Farm organisations have reacted furiously to the particulars of the Department of Agriculture, Food and the Marine’s recently launched National Beef Welfare Scheme, with the payment rate being the main talking point.
IFA livestock chairman, Brendan Golden, has called on the DAFM to redesign the scheme with practical measures and higher payment rates with ceilings brought in line with the BEEP-S it is replacing.
He has said that the measure in its current form is a “support for service providers, not farmers”.
He has described the payment provided by the “poorly designed” scheme as “far too low and on too few cows”.
Golden stressed that the scheme is “an insult” to suckler farmers and “fails miserably” to deliver on a commitment to provide suckler farmers with a replacement scheme for BEEP-S with similar “ambition and practical” measures.
“Most of it will leak to vets, laboratories and others. A suckler farmer in BEEP-S with 25 cows received €84/cow. “
“This scheme will only return €47/cow to that farmer while also requiring additional actions that are cost prohibitive and add nothing to the income of the farm.”
“We estimate that, for a farmer with 20 animals, 80% of the IBR payment will be directly leaked to vets and laboratories.”
“Factor in the extra time and effort the farmer has to put in and you are at 100% leakage. Farmers cannot be expected to work for nothing,” he added.
IFA has highlighted its rejection of including IBR testing in the scheme to the minister and his officials.
“Suckler farmers will not be taken for fools. The minister must go back to the drawing board with his officials to identify practical measures that add value to our farms,” he said.
Meanwhile, the ICSA has said the suckler scheme is “sorely lacking in ambition” and does not “inspire confidence” that the government really wants to keep current suckler numbers in place.
Its suckler chair, Jimmy Cosgrave, said the scheme does have some positive elements but overall, it will not deliver in terms of farm income on suckler farms.
He welcomed the meal feeding measure but stressed that the payment rate of €35/head does not reflect 2023 costs and the work involved.
Cosgrave described the maximum number of 40 head for this measure as a “completely needless limit that is unfair to commercial suckler farmers who are trying to stay in it for the long term”.

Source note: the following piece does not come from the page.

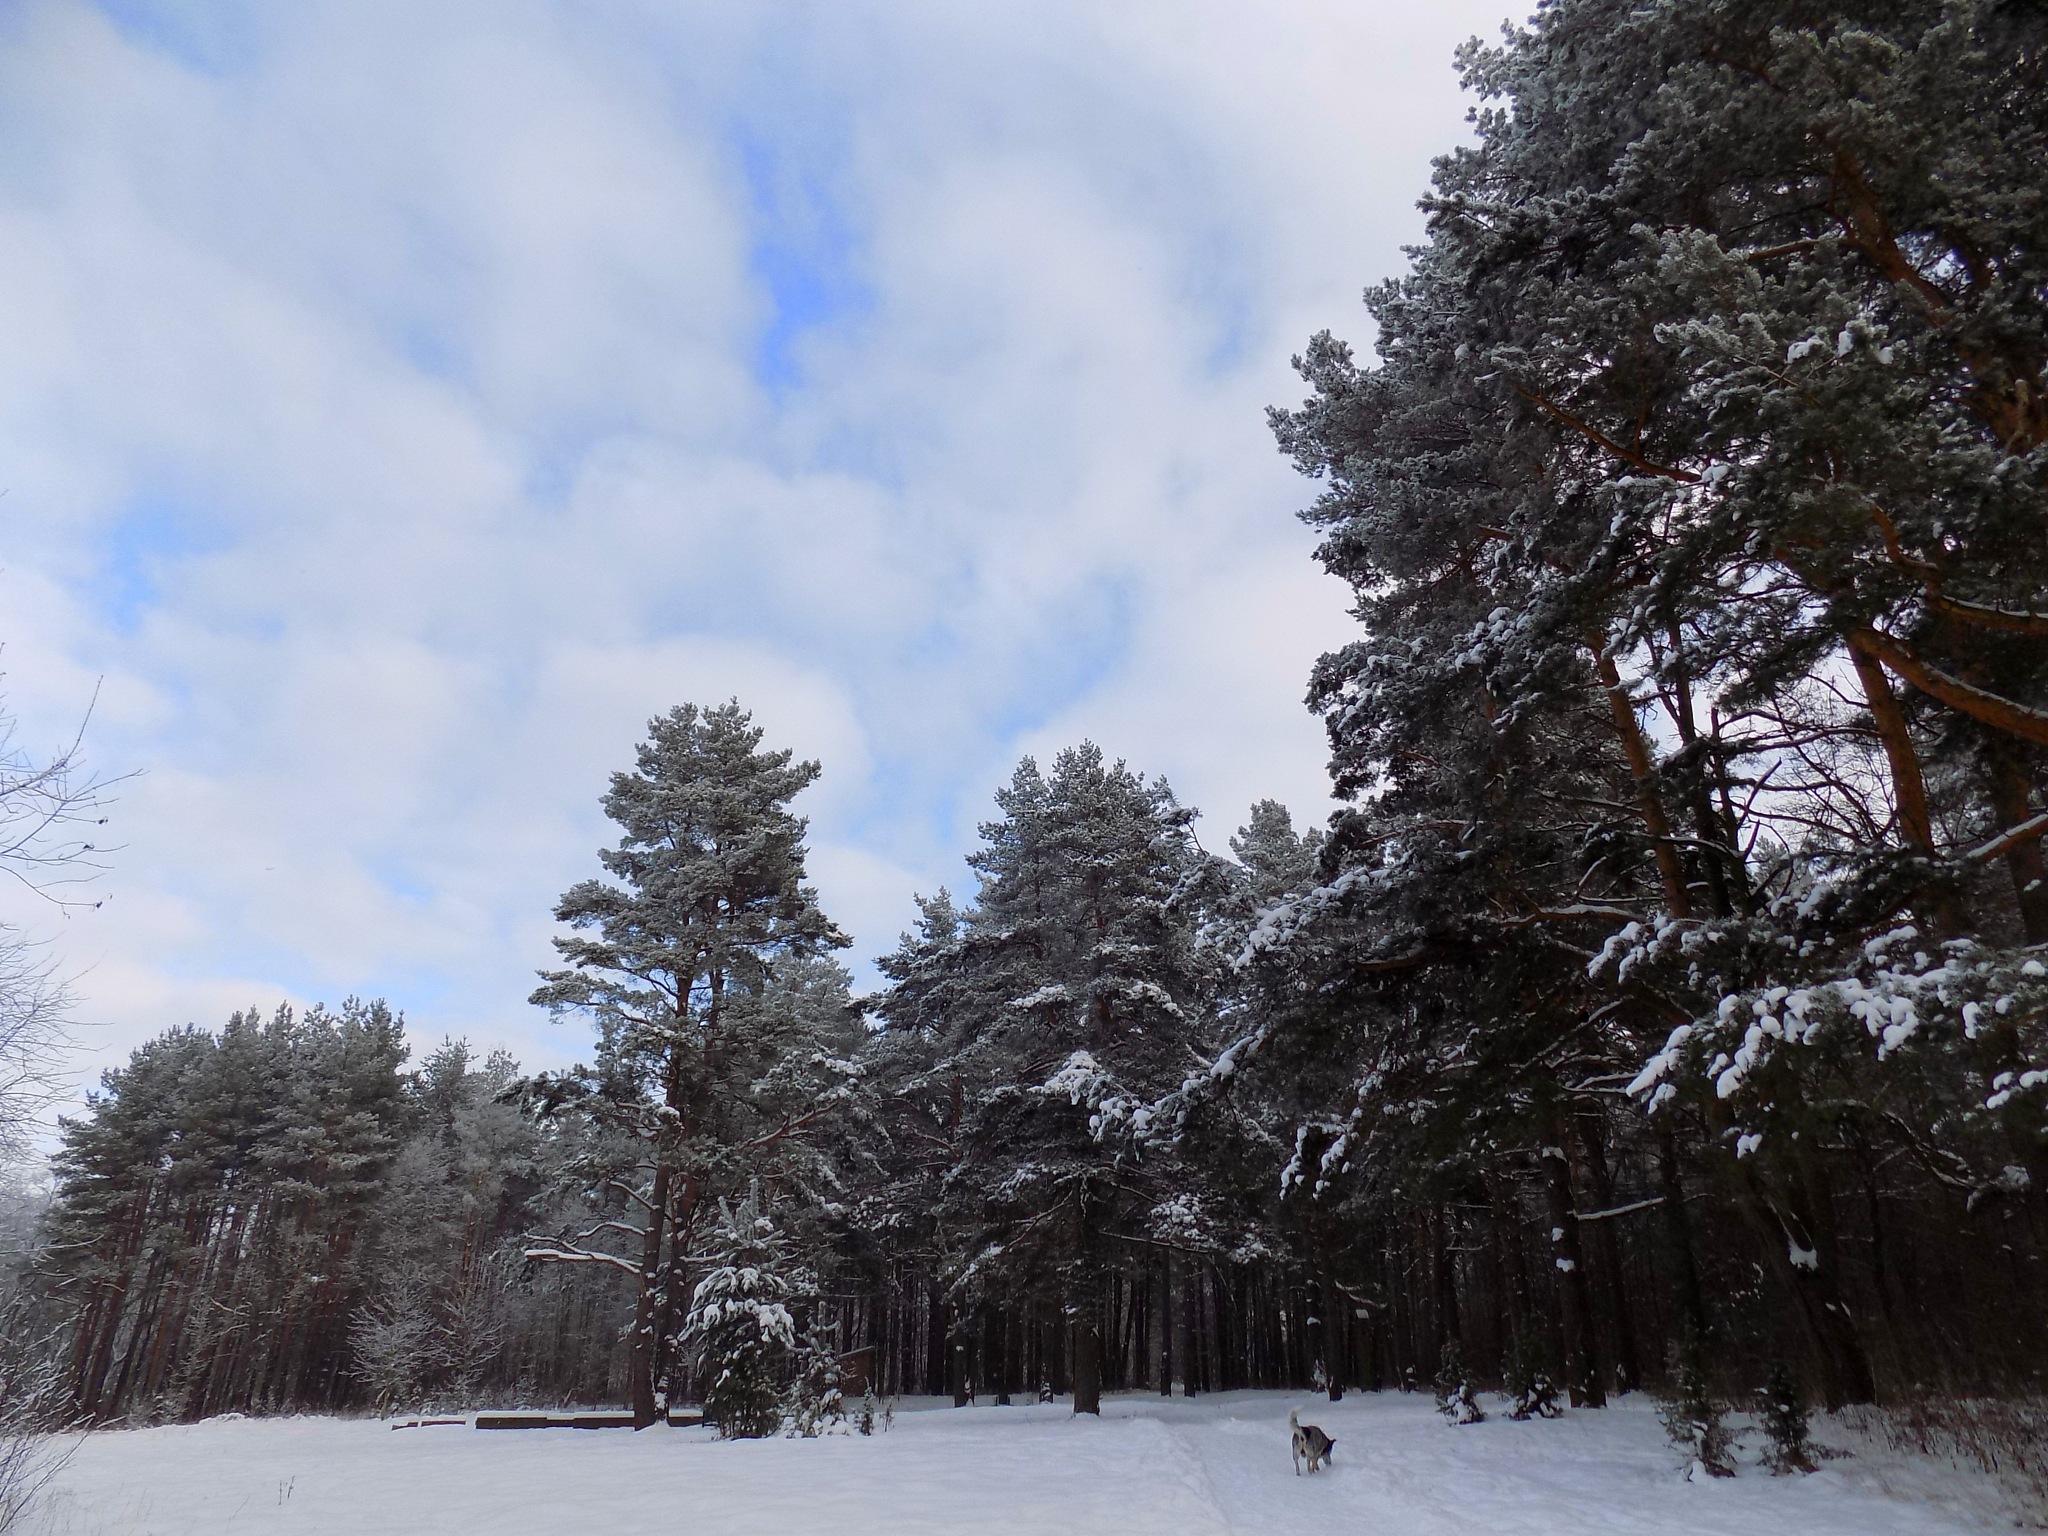 Forest in winter by uzkuraitiene62

He added that the IBR measure could be helpful in improving the health status of some herds and providing the basis for targeted programmes.
Ultimately, IBR is potentially an issue for live export, he added. However, the rate of €15/head to a maximum €300 is “money for vets with no regard for the farmer’s time and effort”.
“The unfortunate thing is the public is being led to believe that this scheme is delivering €28 million to suckler farmers when it is not in reality.”
“A significant chunk is going to support vets, labs and even the meal compounders, who will have fewer customers if suckler farmers go out of business,” he added.
Meanwhile, the Irish Natura & Hill Farmers’ Association has called for an increase in the overall payment rate and a full review around the IBR testing requirement.
Its vice-president, Micheal McDonnell, has said that there reality is that for the vast majority of suckler farmers, there is “no great incentive to join”.
He has called on the DAFM to review the scheme with a view to delivering at least twice the current payment rates with “less onerous” requirements around the IBR testing.
He said the €50/cow payment rate is “well short of what is required and while some may argue that there is a front-loaded payment on the first 20 cows, most of the financial benefit will be offset through the IBR testing requirement”.
“As this is a national scheme not subject to CAP regulation, there is an opportunity to review the payment rates and the scheme make-up.”
“There needs to be a higher payment rate for the mandatory meal requirement.”
“In addition to this, there may be an opportunity to justify an environmental and animal welfare payment in recognition of the benefits from our extensive naturally reared suckler systems.”
“With regard to the IBR testing, it should only operate as a percentage of a farmer’s overall herd or should be considered as a voluntary add-on, which would avoid the need for penalties as is currently the case.”